→ **YOUR OBJECTIVE**:
As an exercise in exact copying, transcribe the lines below from the one holding "Gustoso pollo al" through the last, with both ends included and pictures left out.

→ **SUPPLIED MATERIAL**:
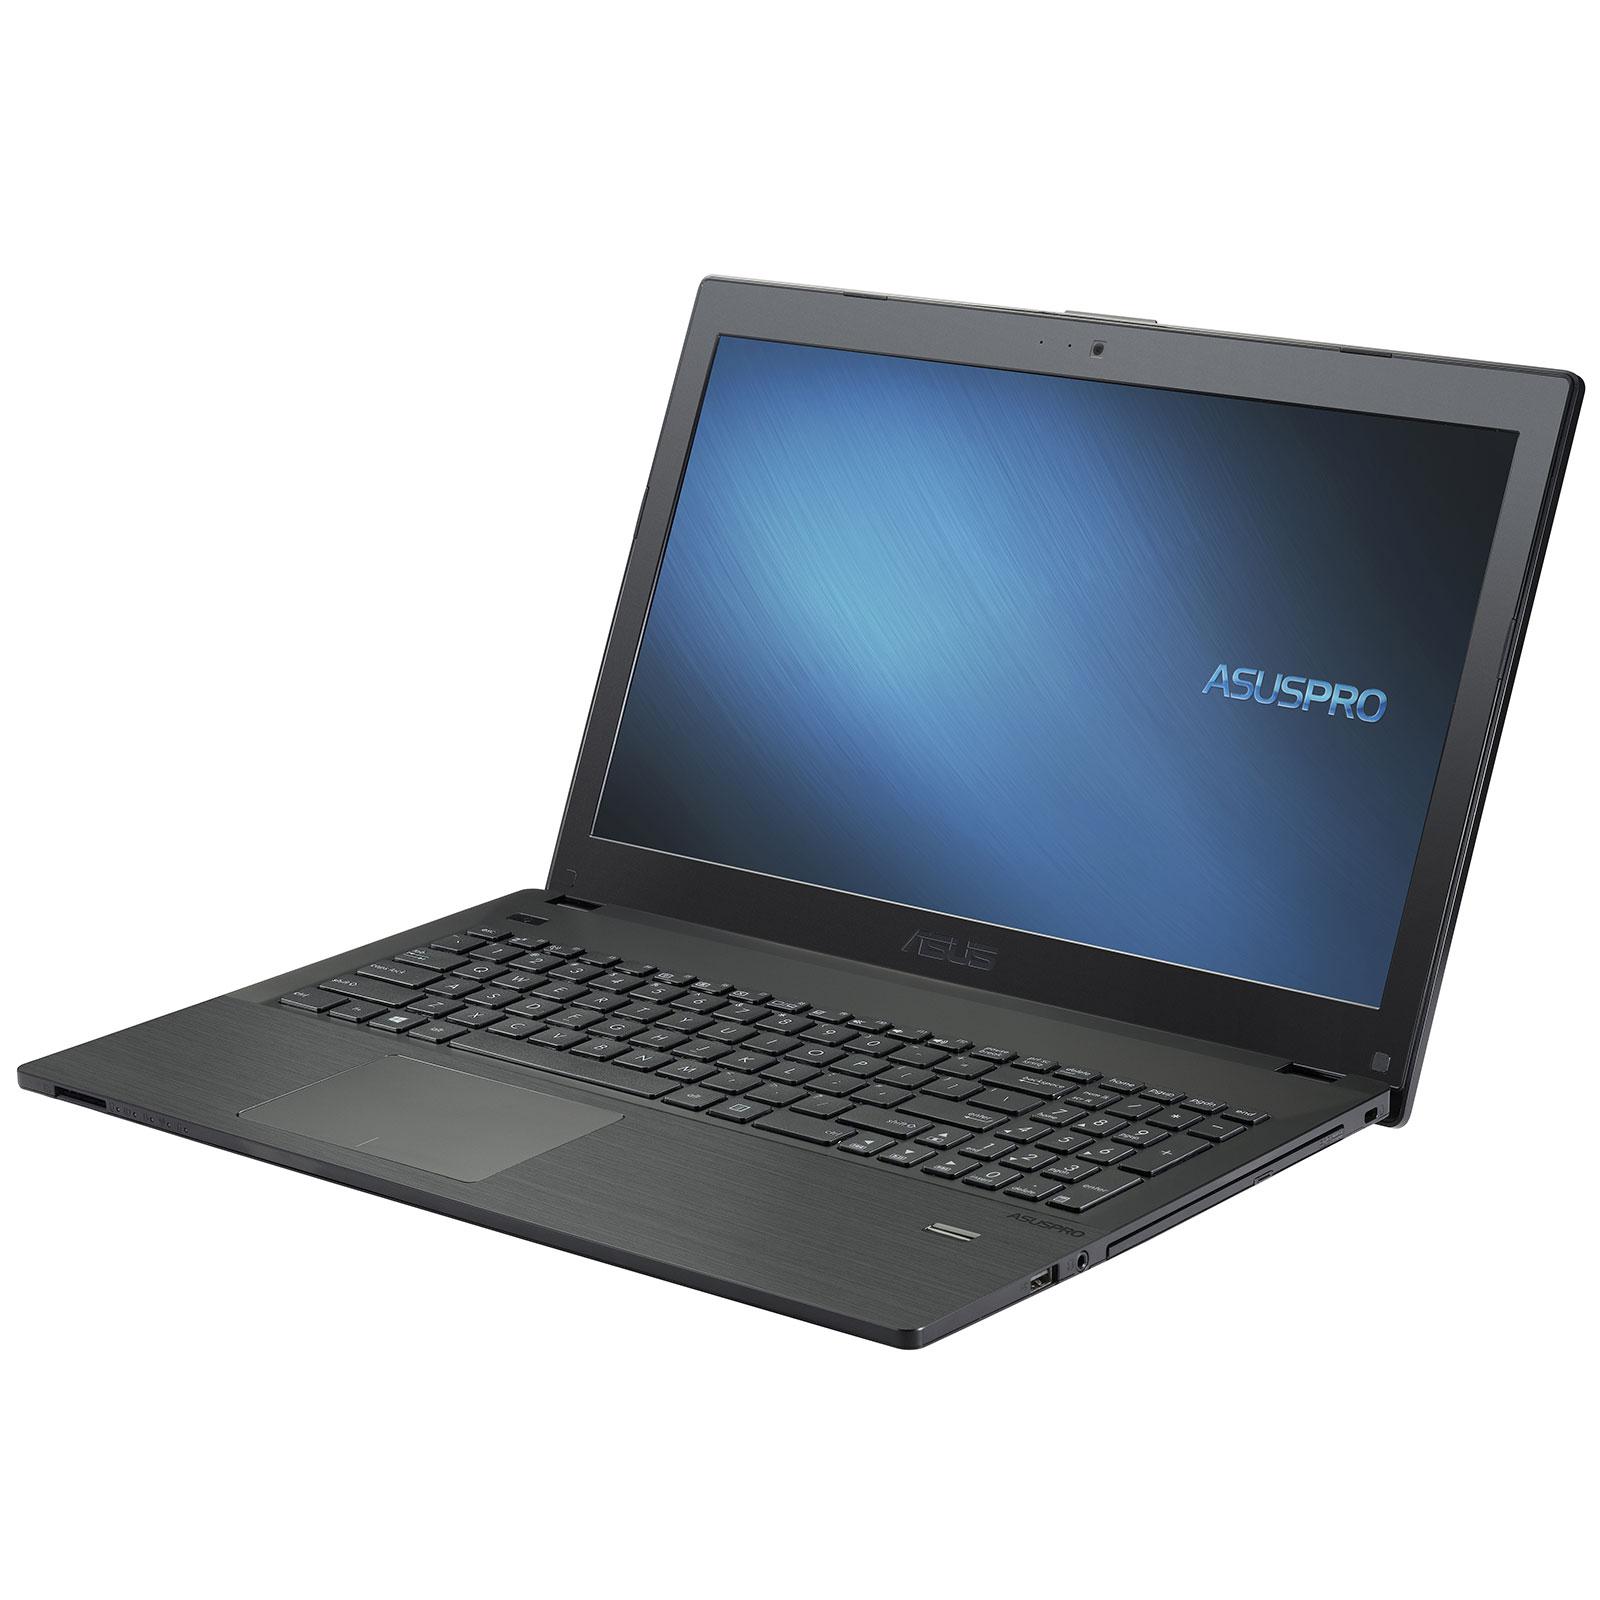 Asus P2520LA-XO0505EB (90NX0051-M13020) - Achat / Vente PC Portable sur Cybertek.fr - 2
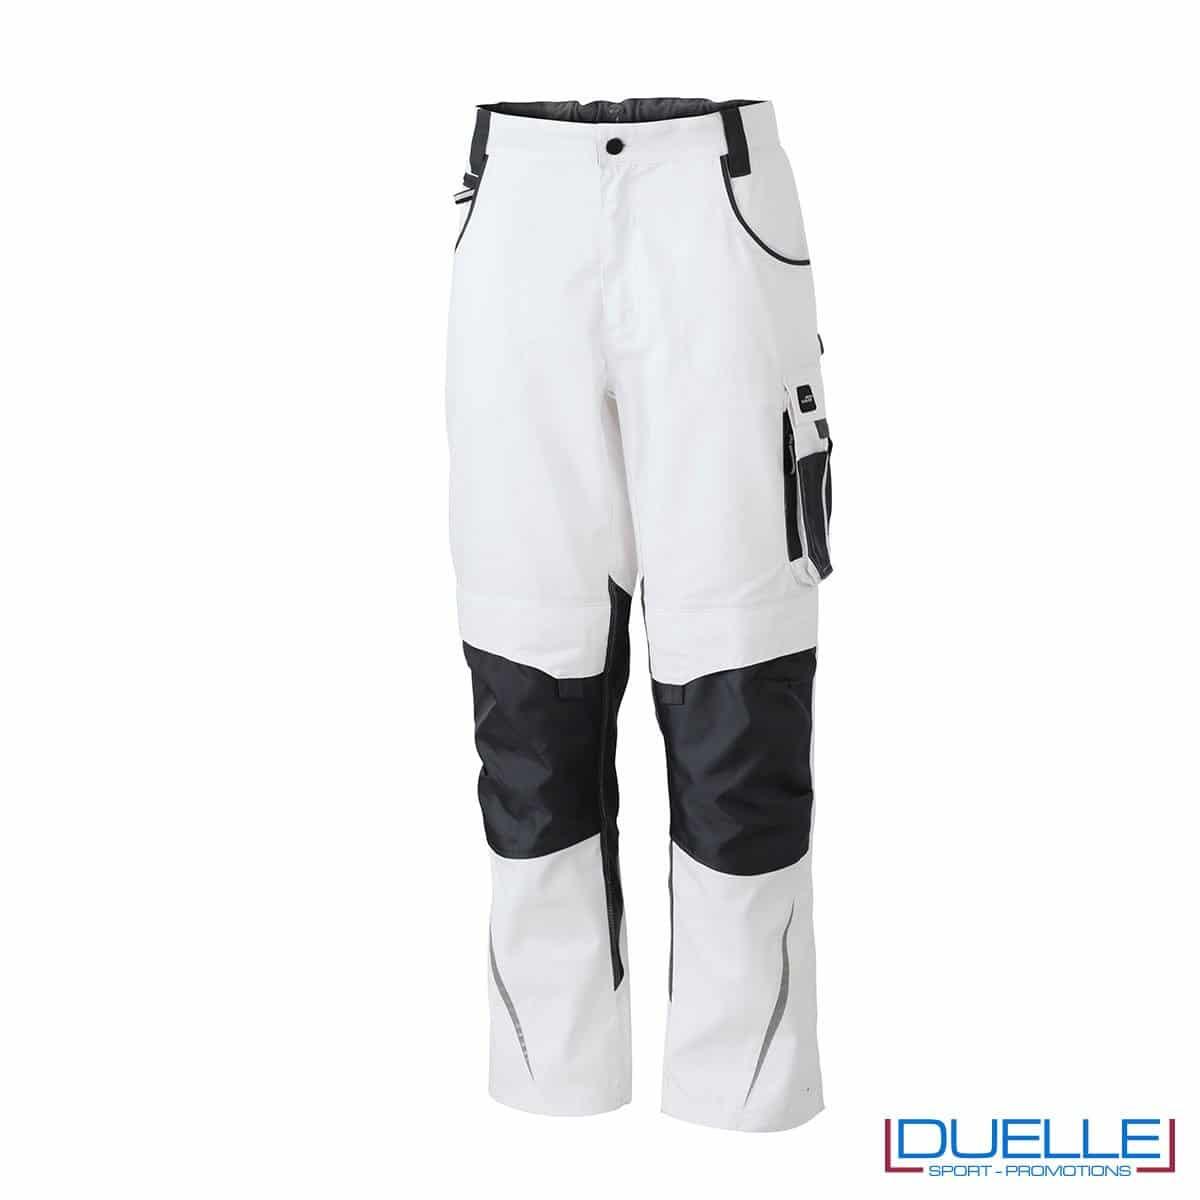 Pantalone da lavoro personalizzato colore bianco
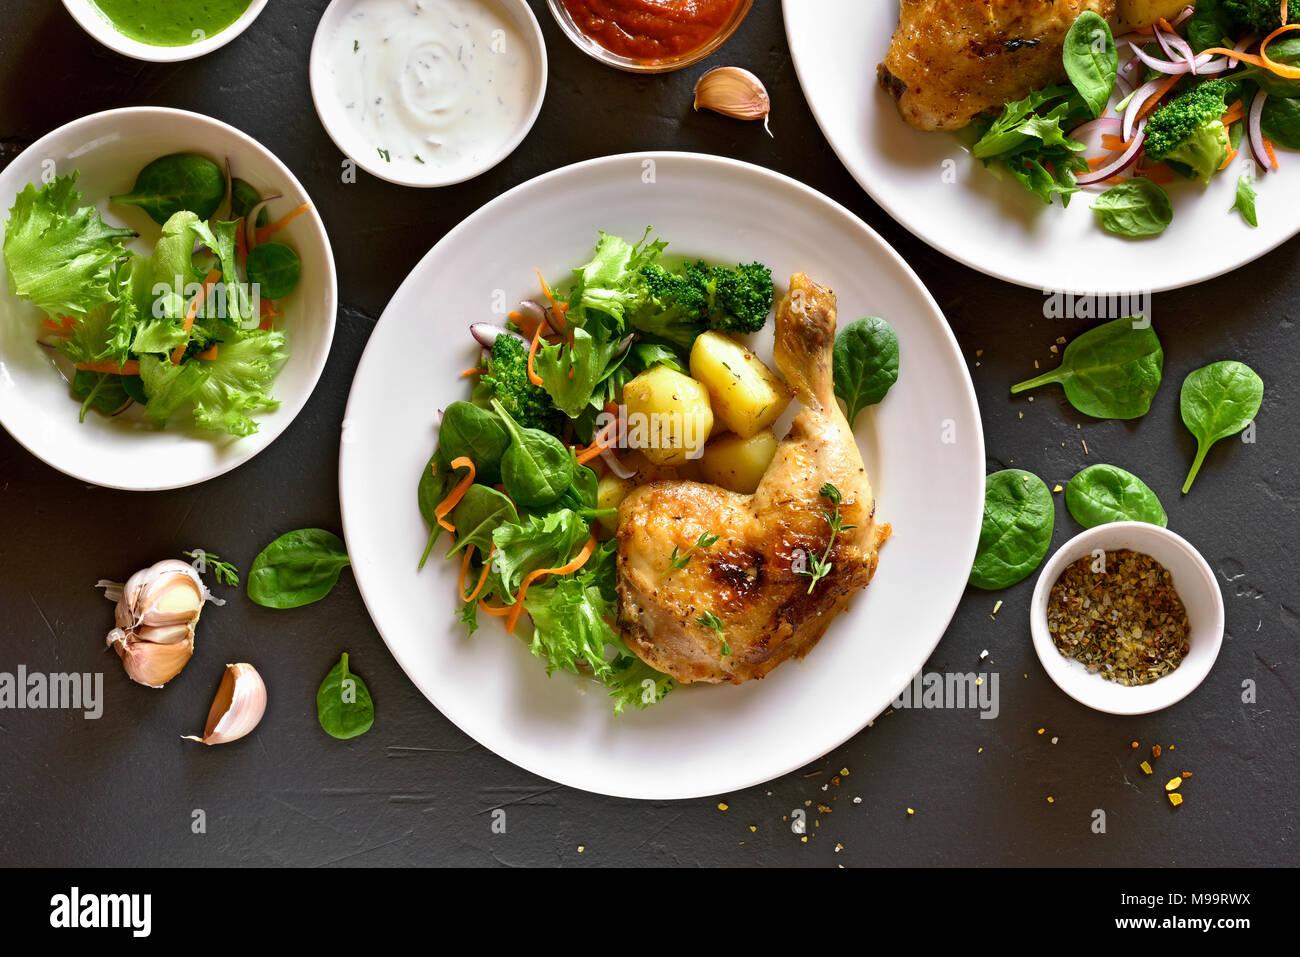 Gustoso pollo al forno della gamba con patate e insalata verde. Piatto per la cena. Vista superiore, laici piatta Immagini Stock
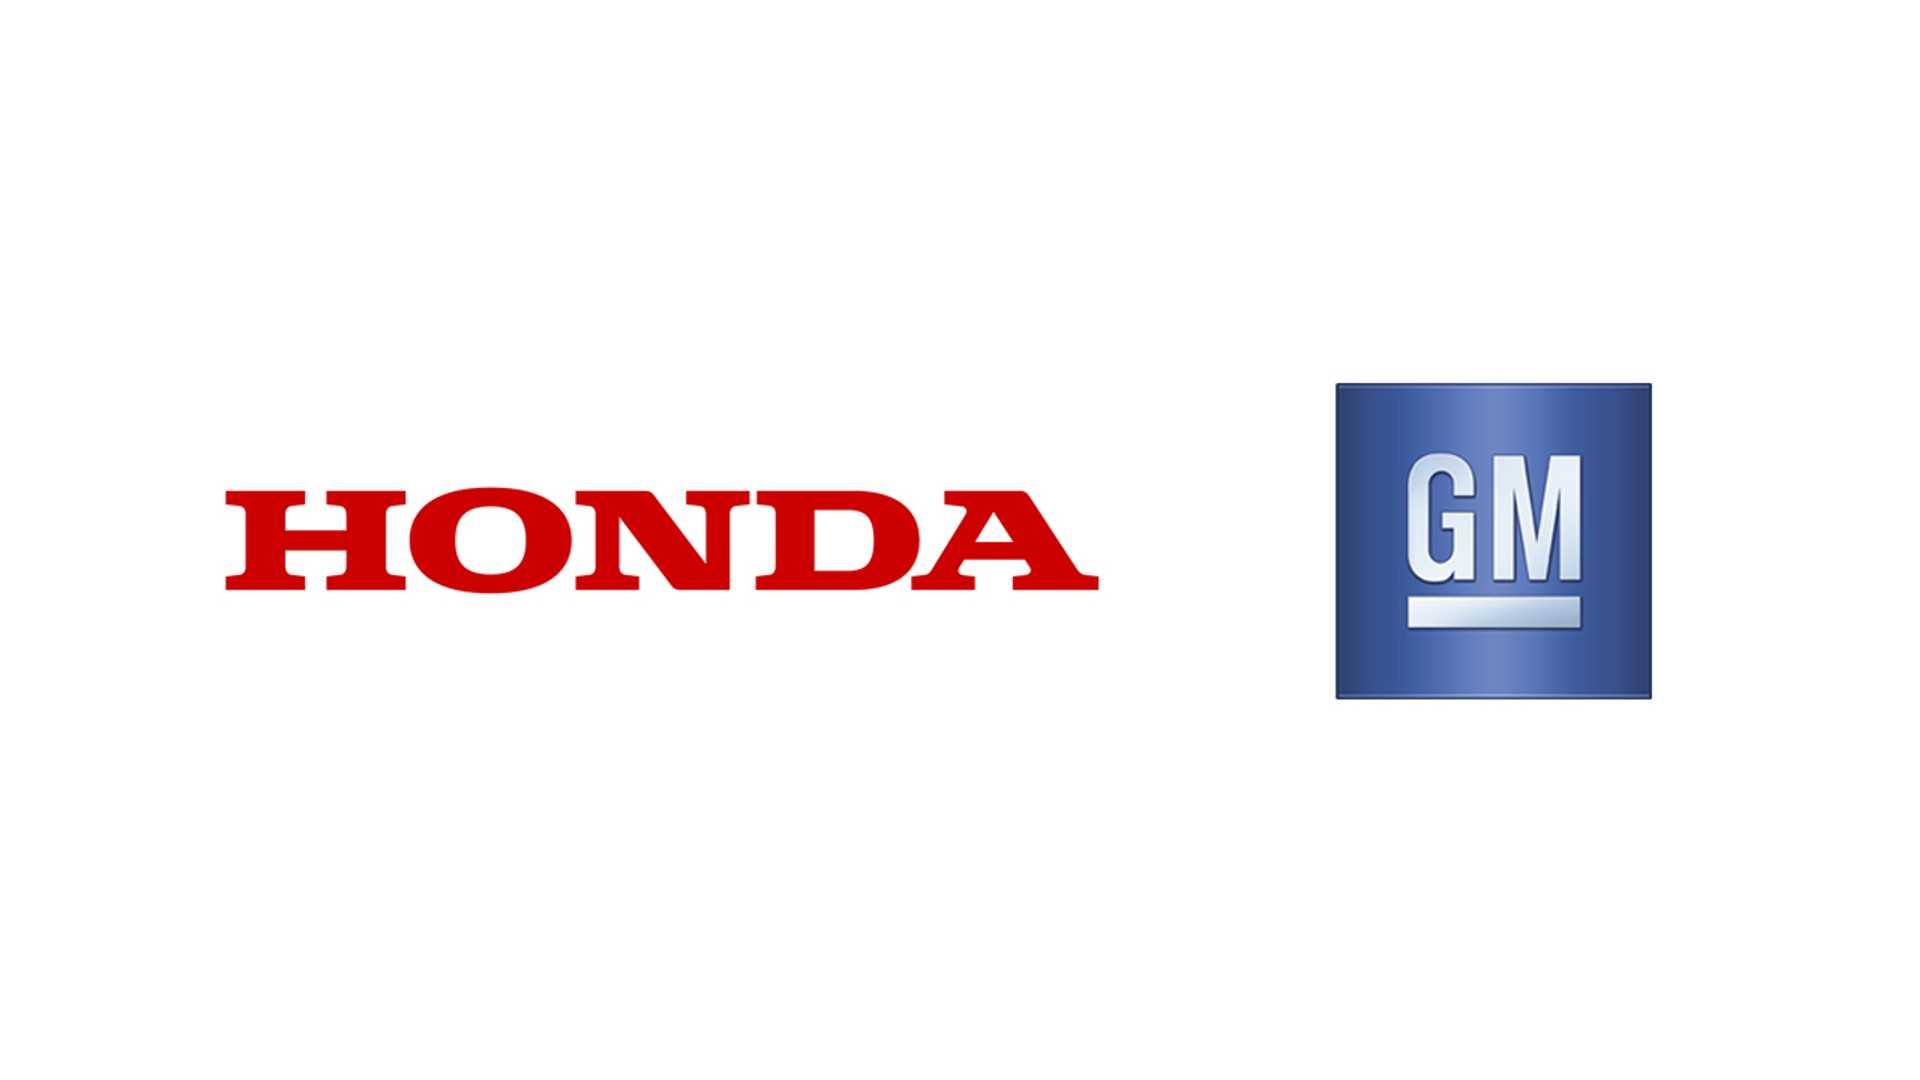 本田将与通用汽车联合开发两台全新电动汽车,2024年投放北美市场

→ **ANSWER TO THIS TASK**:
 Gustoso pollo al forno della gamba con patate e insalata verde. Piatto per la cena. Vista superiore, laici piatta Immagini Stock
 本田将与通用汽车联合开发两台全新电动汽车,2024年投放北美市场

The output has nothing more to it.